One reason the true stories of the Civil War are so compelling 150 years later is that they are mostly about ordinary people who rose to extraordinary heights. Ulysses S. Grant, for example, was a clerk in a leather goods store in 1861, about as obscure a man as you could find in the United States, even if he did have some good tales to tell about his days as a second lieutenant in the Mexican War.
A generation later, after he lost all his money in a Wall Street scam, Grant told those stories and more in his Personal Memoirs, which he completed three days before dying of cancer in Saratoga County. The place where he spent those last weeks, preserved since then as a shrine to his memory, is on the grounds of Mount McGregor, a medium-security prison which is scheduled to close next year. It is reliant on the prison for sewage, water, power and security, but is owned by a different state department, the Parks Office, and operated by a private nonprofit, Friends of Grant Cottage.
If and when the prison does close, yet another state entity will try to sell it to a developer. But Grant Cottage and the nearby visitor center and overlook (which has a beautiful view of the Hudson Valley) may become part of an expanded Moreau State Park — which would be a good outcome.
I served as site interpreter at Grant Cottage in 2011 and 2012, when I began researching the life of another 39-year-old man who dwelt in obscurity in 1861, Gordon Granger. Granger was then still an Army lieutenant, who like Grant had gone to West Point and fought in Mexico. The two men never got on, as Grant's memoirs make abundantly clear, but there is another side to that story — Granger's — that seemed to me worth telling.
Granger was from upstate New York, and after the war had ties to this area. He had an infant daughter who died in 1875 in Saratoga Springs, as I found out from a filing cabinet at the Washington Street office of Bethesda Episcopal Church, which conducted her funeral service.
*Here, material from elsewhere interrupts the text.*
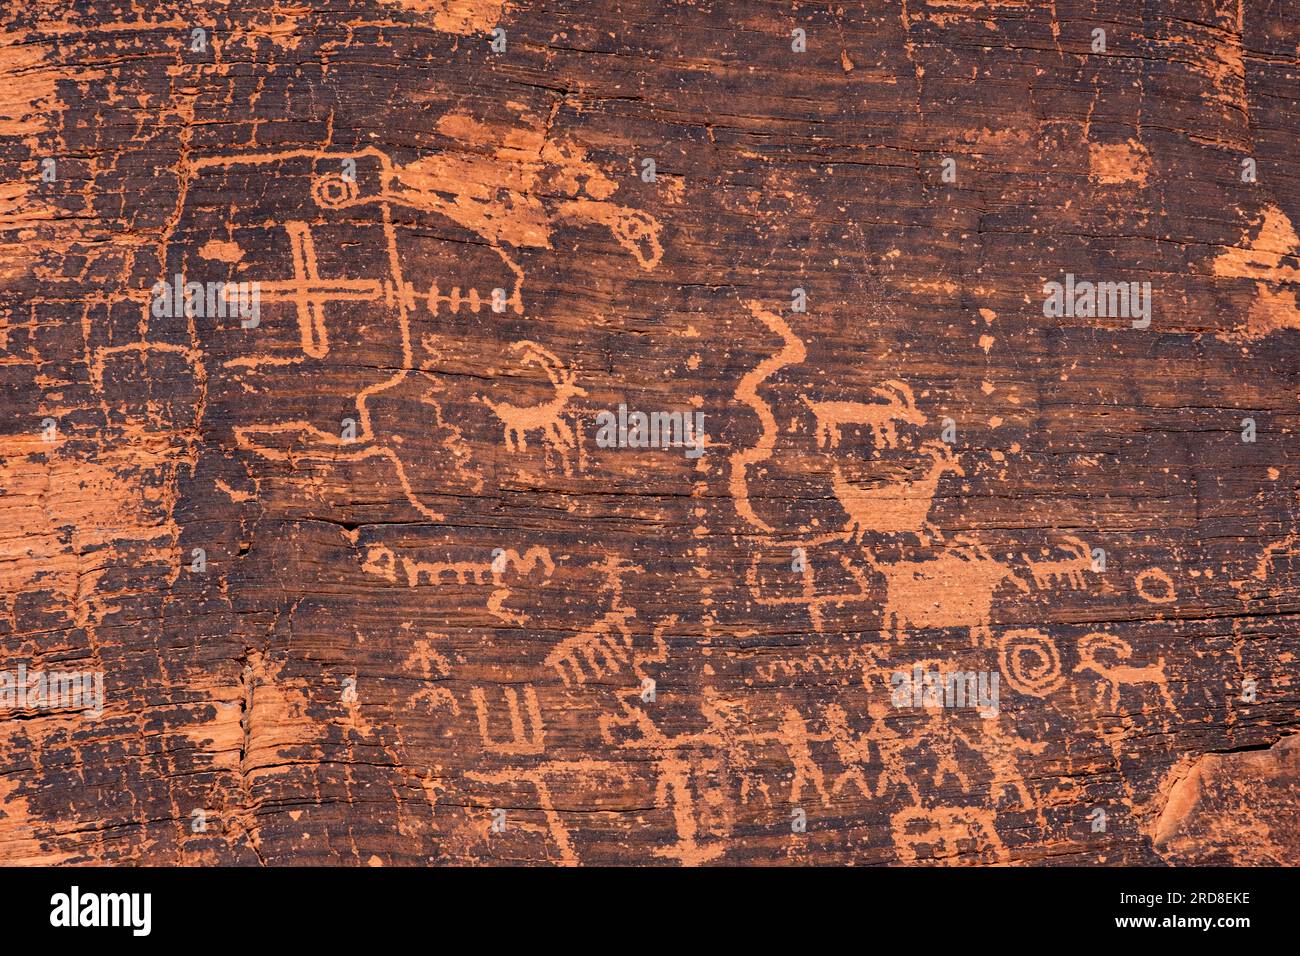 Felskunst der amerikanischen Ureinwohner (Petroglyphen) an der Canyon Wall, Petroglyph Canyon, Mouse's Tank Trail, Valley of Fire State Park, Nevada, USA Stockfoto

Grant became famous, the man who won the Civil War. Granger's name fell back into obscurity. But in 1865, just after the war, as commander of all U.S. troops in Texas, Granger's June 19 order abolishing slavery was one of the most significant documents of Reconstruction. It sparked "Juneteenth" celebrations that continue to this day all over the United States, including the Capital Region.
Grant was not the only man who won the war. On Sept. 20, 1863, Granger marched on his own authority to reinforce Gen. George Thomas at the Battle of Chickamauga, and prevented a Union defeat from becoming a catastrophe. Had he and Thomas not held the line through the daylight hours, the entire Army of the Cumberland might well have been captured. That would have immeasurably raised Confederate morale and Union war-weariness. The results would definitely have reverberated into the next year, possibly contributing to the defeat of President Lincoln's re-election campaign, thus enabling the Confederacy to establish its independence. The actions of ordinary people can carry great weight.
Robert C. Conner is author of "General Gordon Granger: The Savior of Chickamauga and the Man Behind 'Juneteenth'," published last month by Casemate. He lives in Saratoga County.